Invariant #6 (no DO in request path): The existing gateway routes for tool proxying still never touch a DO. The AgentRuntime DO is only reachable via the /v1/agents/ admin surface (CF-Access gated), not from the hot path of tool calls.
Invariant #11 (30s AbortController): Unchanged. The budget expansion is about gateway overhead, not the upstream API call timeout.
Invariant #12 (AI Gateway): Unchanged. All LLM calls go through AI Gateway.

Acceptance criteria

p95 gateway overhead for non-agent routes (tool proxy) stays ≤15 ms, measured via AI Gateway dashboard over a 24-hour window post-deploy.
p95 gateway overhead for agent assembly routes stays ≤30 ms, measured over the first 7 days of Track A live traffic.
The AI Gateway dashboard shows no p99 spikes above 50 ms on either path under normal load.
A monitoring alert is configured (Slack via existing alerting) to fire if p95 non-agent overhead exceeds 20 ms for >5 consecutive minutes.

Implementation note

This ADR does NOT require a code change to ship. It formalizes the budget that the Track A and Track B implementations will be held to. The invariant files must be updated when this ADR merges (per the invariant change procedure in docs/engineering-standards/ASCEND_OPERATOR_OS_ENGINEERING_STANDARD.md §5).

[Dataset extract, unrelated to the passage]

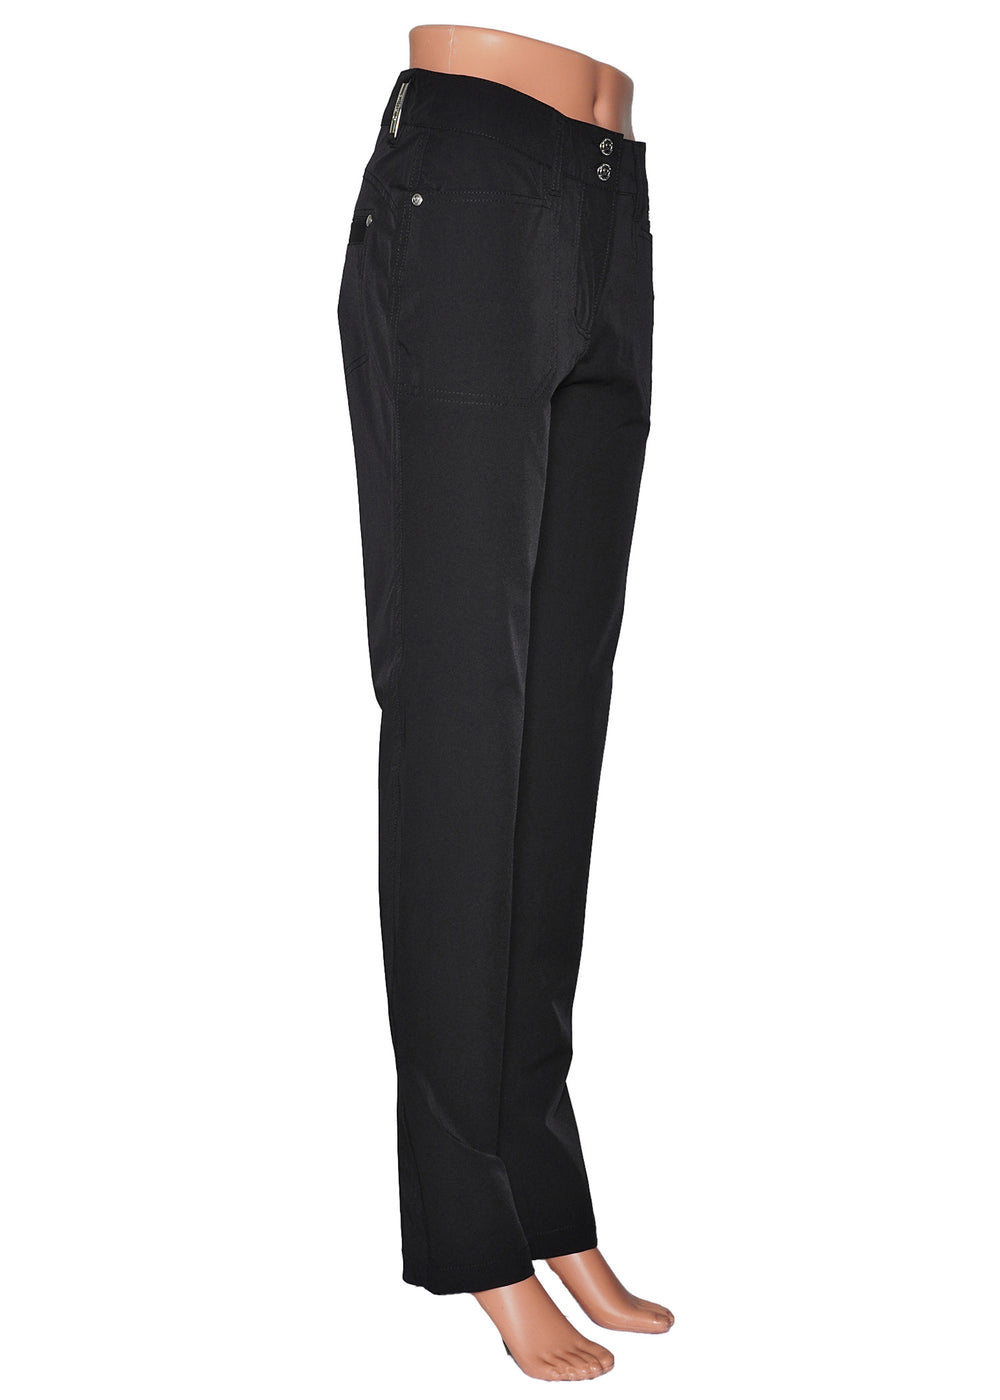 Daily Sports Miracle Stretch Pant - Black - Size 4 - Skorzie
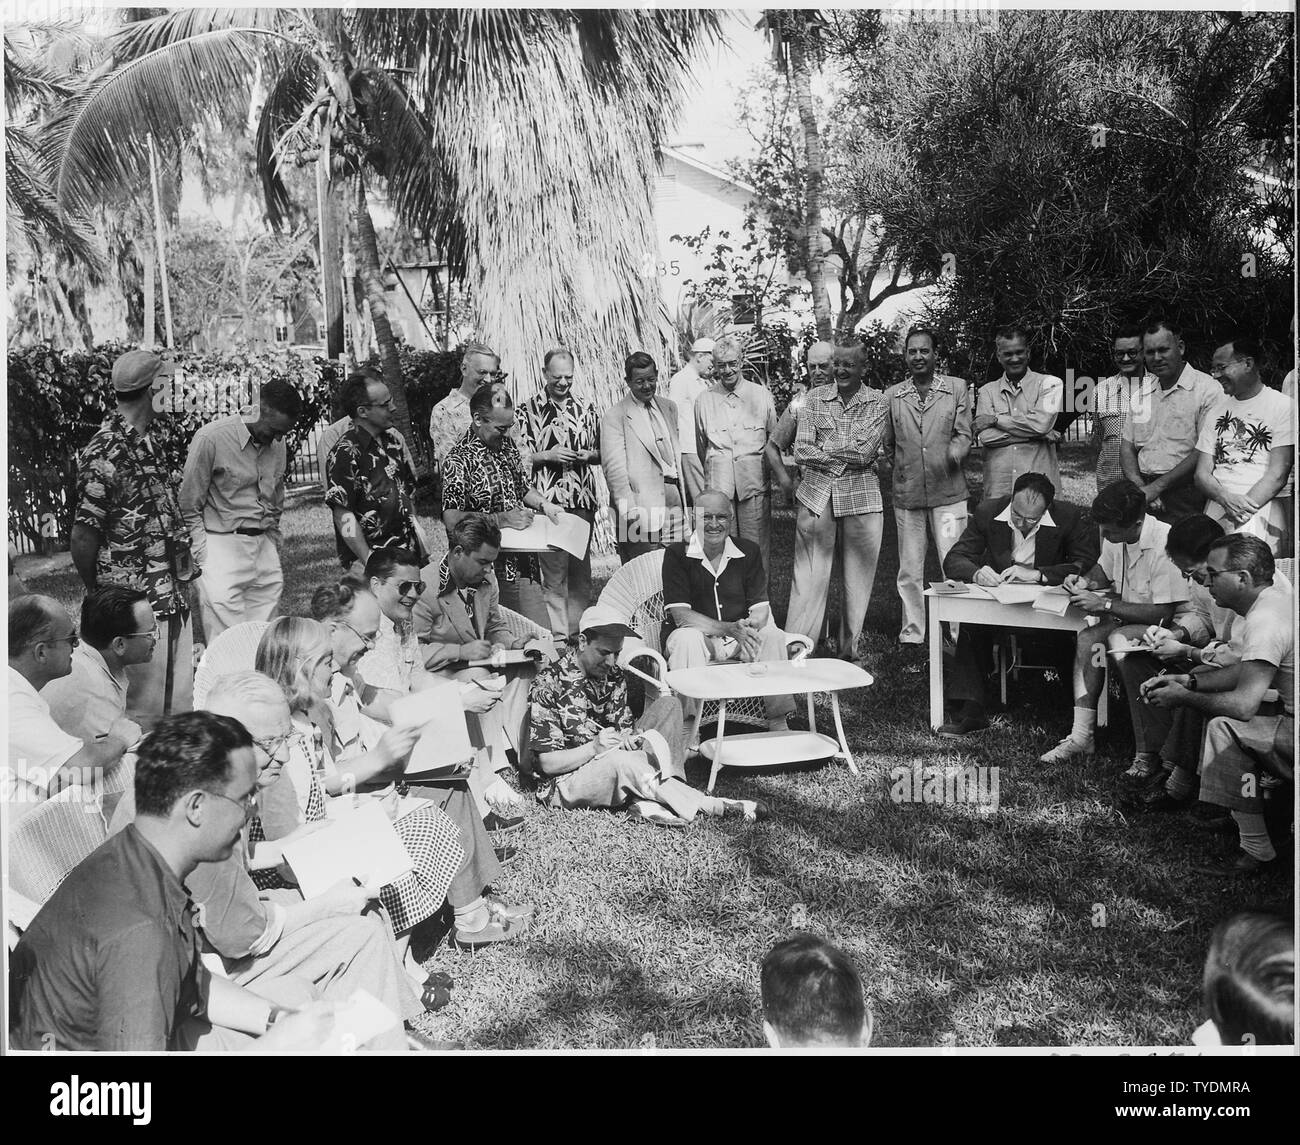 Photograph of President Truman smiling during his press conference in the garden of the Little White House at Key West, Florida. Stock Photo

The invariant update (.claude/rules/v5-invariants.md + docs/architecture/ASCEND-CLOUD-NATIVE-V2-ENGINEERING-PLAN.md) will land in the same commit that merges the Track A implementation PR, not in this plan-first PR. This is the standard sequencing: ADR accepted on main, invariant text updated when Track A merges.

Consequences

Positive:

Unblocks Track A (AgentRuntime DO) and Track B (Vectorize capability index) from being measured against an artificially tight budget that predates these components.
Makes the monitoring regime honest — 10 ms was already breached by AI Gateway callback overhead in production.
The split budget (≤15 ms proxy / ≤30 ms agent) protects existing Cursor/Codex/tool-proxy performance from regression.

Negative / accepted risk:

A 30 ms p95 budget for agent paths is still tight for some Vectorize deployments under spike load. If p95 exceeds 30 ms after Track B ships, the retrieval helper will need a KV cache layer (cache the top-20 tools for frequent intent patterns with a 5-minute TTL). This is not in Q1 scope but is the documented escalation path.
The split budget requires two separate monitoring dashboards / alerts. This is manageable but adds operational overhead.